GREEN BANKSHARES REPORTS RESULTS FOR THE FIRST QUARTER 2011
RECENTLY ANNOUNCED $217 MILLION CAPITAL RAISE EXPECTED TO STRENGTHEN THE COMPANY'S BALANCE SHEET
GREENEVILLE, Tenn. (May 10, 2011) – Green Bankshares, Inc. (NASDAQ:GRNB), the holding company for GreenBank, today reported results for the first quarter ended March 31, 2011. These results included a net loss available to common shareholders of $11.6 million or $0.88 per diluted share for the quarter ended March 31, 2011, compared with a net loss available to common shareholders of $52.8 million or $4.03 per diluted share for the quarter ended December 31, 2010, and net income available to common shareholders of $1.9 million or $0.15 per diluted share for the same quarter a year ago.
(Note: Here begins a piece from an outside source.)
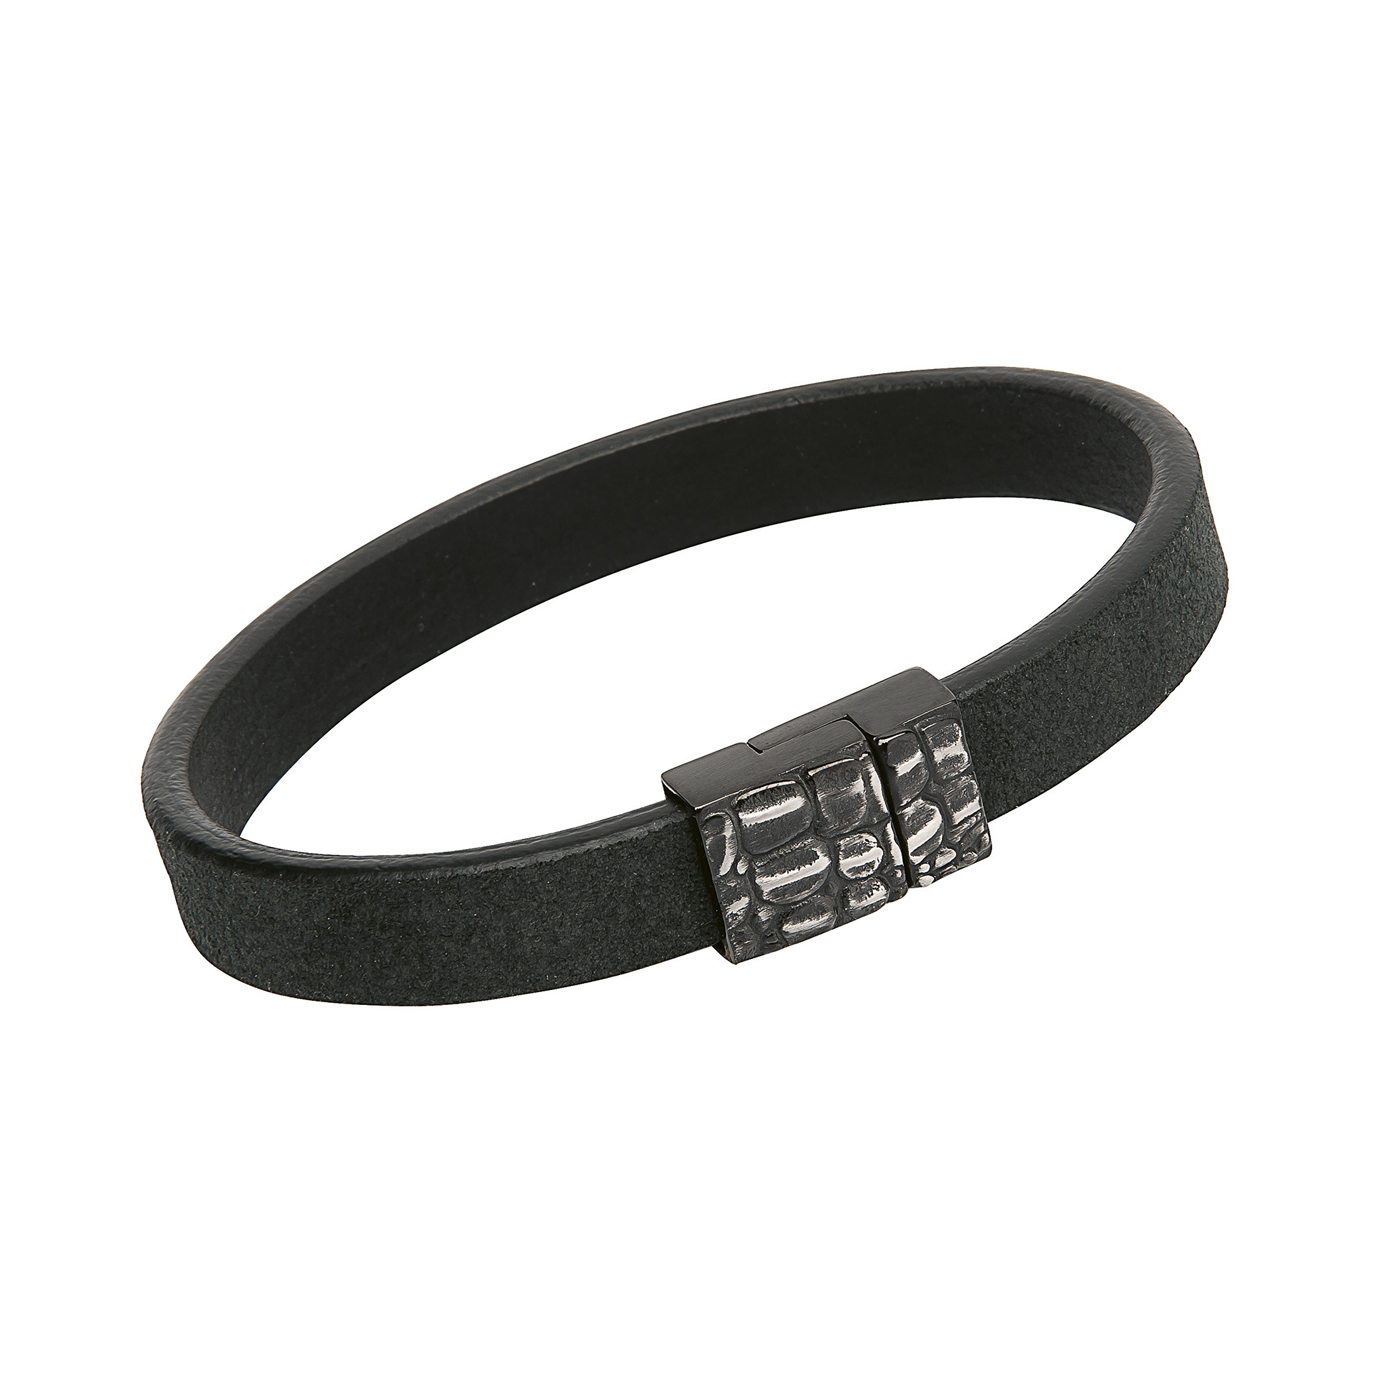 Armband, Veloursleder schwarz, Länge 19 cm - 1 Stück

Importantly, the Company recently announced that it has entered into a definitive agreement to raise approximately $217 million in new capital through the sale of newly issued common shares to North American Financial Holdings, Inc. The transaction, which is subject to shareholder and regulatory approval, as well as the satisfaction of other customary closing conditions, is expected to be consummated in the third quarter of 2011. In connection with the investment, the Company expects that North American Financial Holdings will enter into a binding agreement with the U. S. Department of Treasury to purchase all of the outstanding shares of the Company's Fixed Rate Cumulative Perpetual Preferred Stock, Series A, and related warrants to purchase shares of the Company’s Common Stock. Commenting on the announcement, Stephen M. Rownd, Chairman and Chief Executive Officer, said, "The recapitalization strengthens our balance sheet and represents a strategically important step in returning the Company to profitability at a faster rate while ultimately enhancing shareholder value."
Regarding first quarter results, Rownd added, "Our first quarter performance reflected a continuation of elevated credit costs in the form of both our loan loss provision and costs related to other real estate owned (OREO). While the credit environment in which we operate remains challenging, our loss for the first quarter declined on a linked-quarter basis primarily as a result of lower credit costs incurred during the first quarter of 2011 compared with the fourth quarter of 2010.
"Our core earnings and the fundamentals of the Company remain solid, as evidenced in our linked-quarter stable net interest margin, improving non-interest income and lower recurring operating expenses," Rownd continued. "During the first quarter of 2011, we accrued approximately $570,000 of severance costs associated with "right-sizing" the Company, as we sought to align our staffing levels with the current economic environment and business activity levels. As we have previously discussed, ongoing pressure on real estate values in our markets will likely keep non-performing assets – and credit costs – at elevated levels throughout 2011."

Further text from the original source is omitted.